Но меня никто не слушал: Кара завел историю про несчастного туркменского бея, который поторопился признаться в любви дочери шаха и был за это на двенадцать лет сослан в Китай. Поскольку портрета возлюбленной у него не было, он, живя среди китайских красавиц, постепенно забывал ее лицо, и от этого муки любви превращались, по воле Аллаха, в настоящую пытку. Все мы, впрочем, догадывались, что Кара рассказывает свою собственную историю.
– Благодаря Эниште все мы узнали, что такое портрет, – сказал я. – Надеюсь, однажды настанет день, когда мы научимся без страха говорить о своей собственной жизни от первого лица, а не так, будто рассказываем сказку.
– Любая сказка говорит обо всех, а не о ком-то одном, – заметил Кара.

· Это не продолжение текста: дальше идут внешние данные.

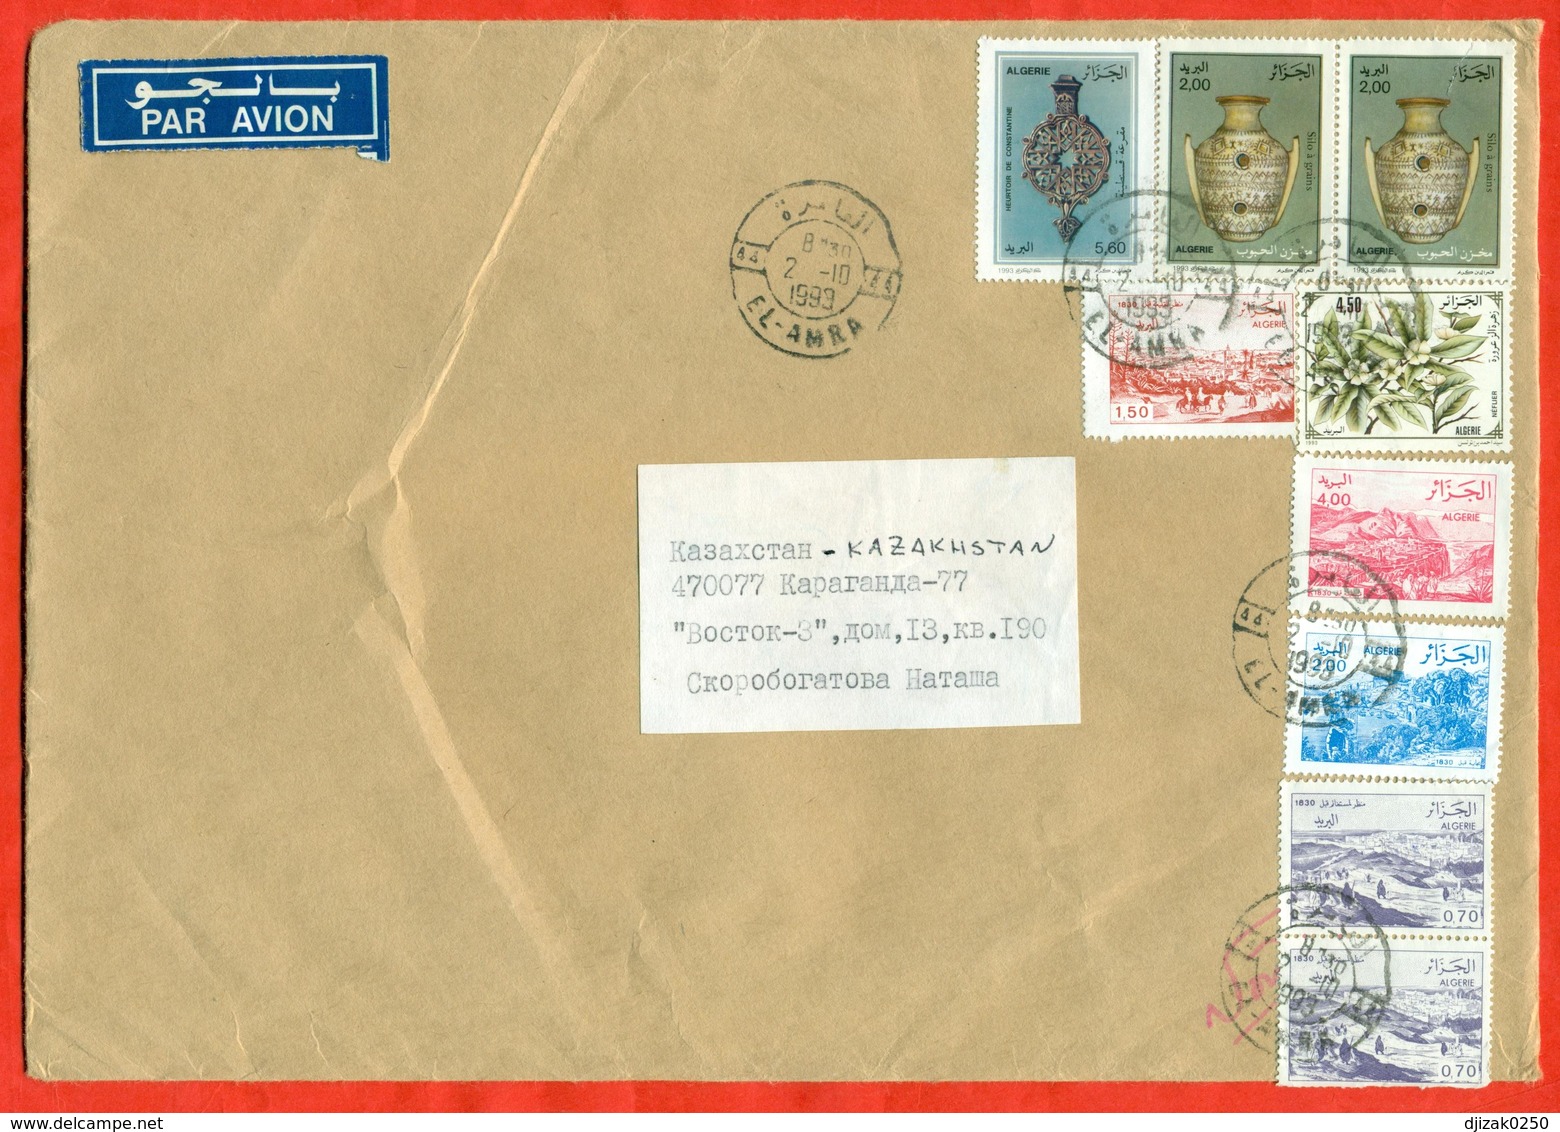 Algeria 1993.National Craft. Envelope Passed The Mail. Airmail. - Algeria (1962-...)

– А любой рисунок говорит об Аллахе, – закончил я строчку гератского поэта Хатифи. – Однако когда методы европейских мастеров распространятся по-настоящему, каждый будет рассказывать чужие сказки как историю собственной жизни, да еще и гордиться этим.
– Как раз этого и хочет шайтан.
– Пустите же меня, наконец! – закричал я вдруг во все горло. – Дайте взглянуть на мир в последний раз!
Заметив, что мой крик их напугал, я приободрился.
Первым взял себя в руки Кара.
– Ты покажешь нам последний рисунок? – спросил он.
По моему взгляду он понял, что покажу, и отпустил меня. Мое сердце забилось быстрее.